In short, Sunday’s corn-roast confrontation and its online aftermath failed to produce a clear and satisfying winner and loser, but there is every likelihood there will be many rematches. Both sides are far too invested in the narrative they pursued this week to stop this fight before it goes many rounds.

Even though he’s reluctant to pick up the tab for his convictions and is now compulsively appointing new ministers to the file every few hours, Trudeau really does believe there can be no legitimate questioning of his policy. The revelation that his interrogator on Sunday was straight from Central Casting will only embolden him in this conviction. And if Scheer had a tweetstorm ready to go, in both official languages, after the corn roast, it’s because he believes he has identified a central weakness of this Liberal government:

I admit that I too have noticed a quality of moral preening throughout much of this government’s work. It’s perhaps the clearest distinction between the last long era of Liberal power, Jean Chrétien’s, and this one. And I think it betrays a misreading of the 2015 election result.

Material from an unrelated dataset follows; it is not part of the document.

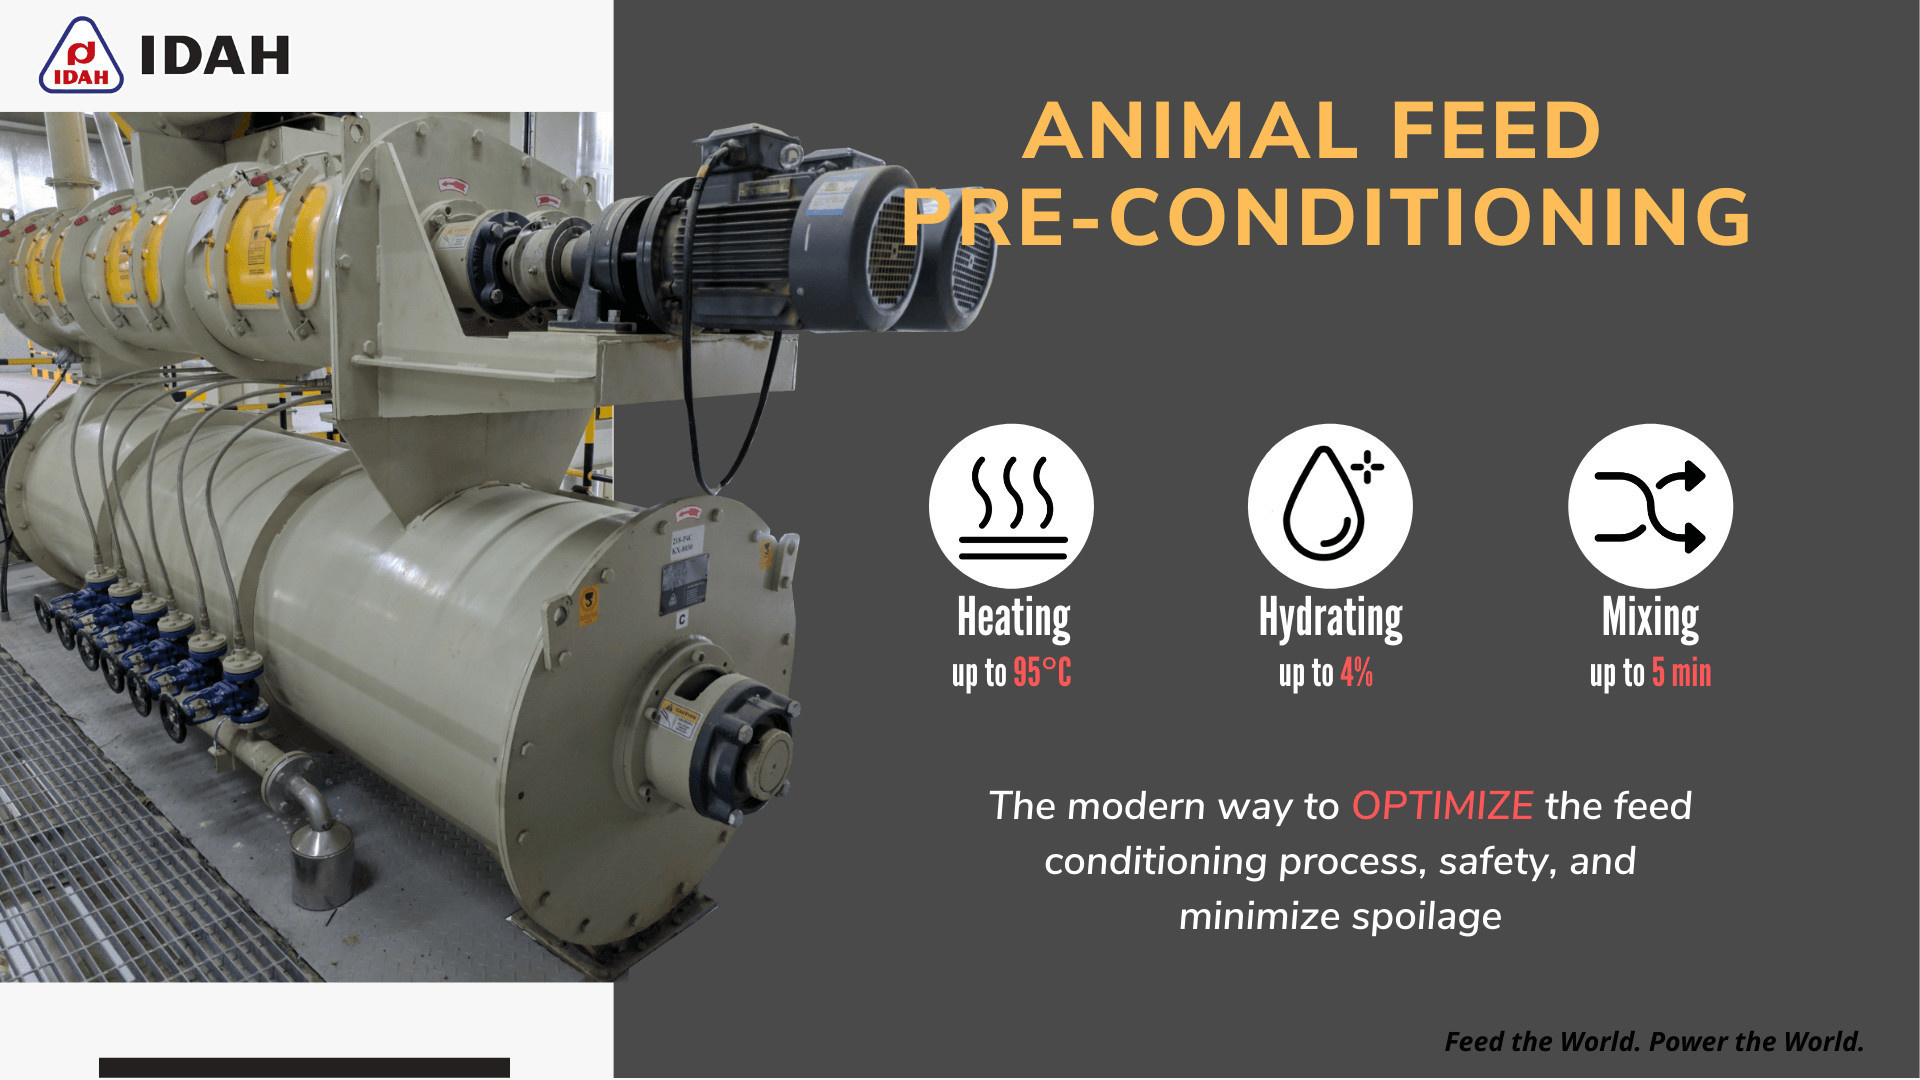 Optimal pre-conditioning for animal feed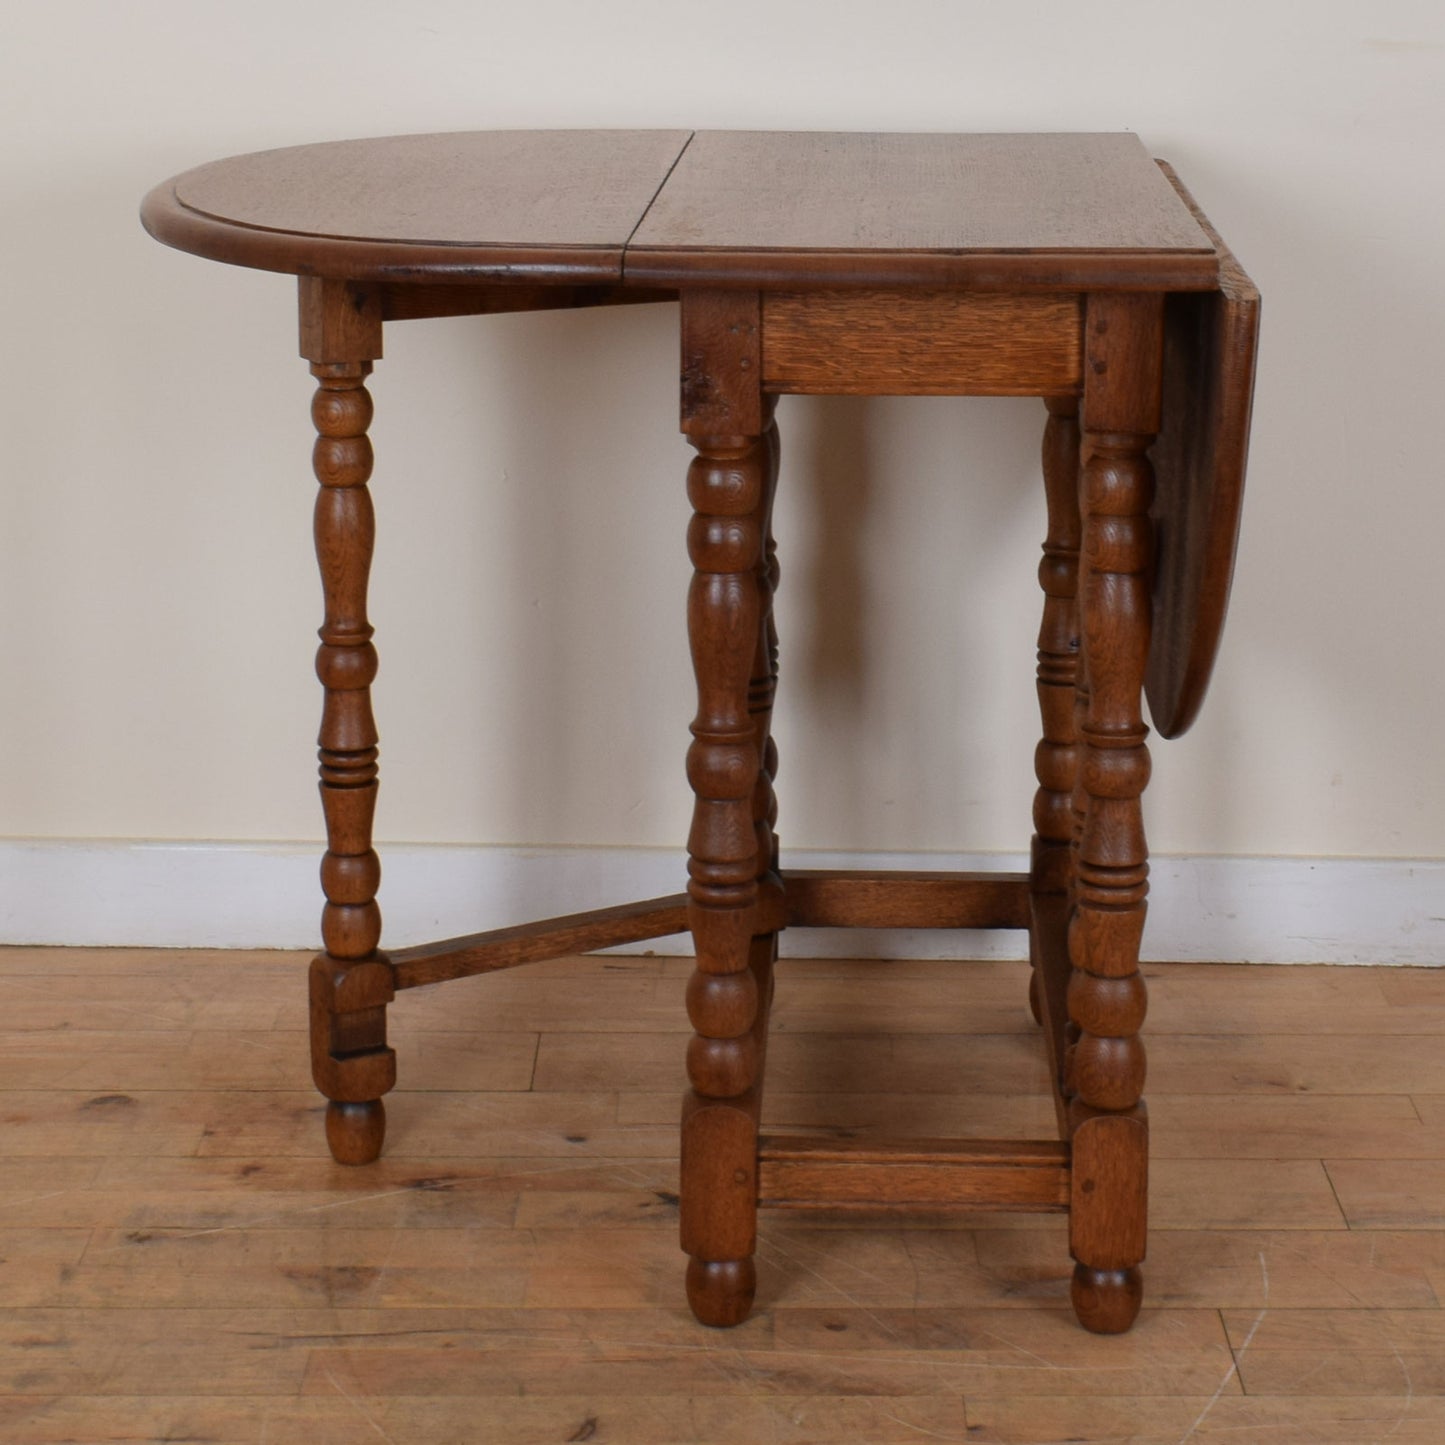 Drop Leaf Table and Two

By 2015, Stephen Harper had stopped trying to govern for all Canadians, including those who might disagree with him, and was governing pretty much full-time for true believers. The turning point came, perhaps, in early 2012 when the Harper government sought to legalize the tax-court harassment of NGOs that dared oppose pipeline construction.

By 2015, a segment of the electorate was tired of being told they were the wrong kind of Canadians with the wrong kind of opinions, and they were eager for a government that would do less of that. Some of those voters will be sad to learn they’ve replaced one flavour of stool-pigeon government with another.

It remains to be seen whether they’ll find any of the alternatives to Trudeau more believably laissez-faire. What’s already a near-certainty is that the Scheer Conservatives and Trudeau Liberals will be unable to resist fighting culture skirmishes instead of sticking with less exciting themes, like program design and responsible fiscal management.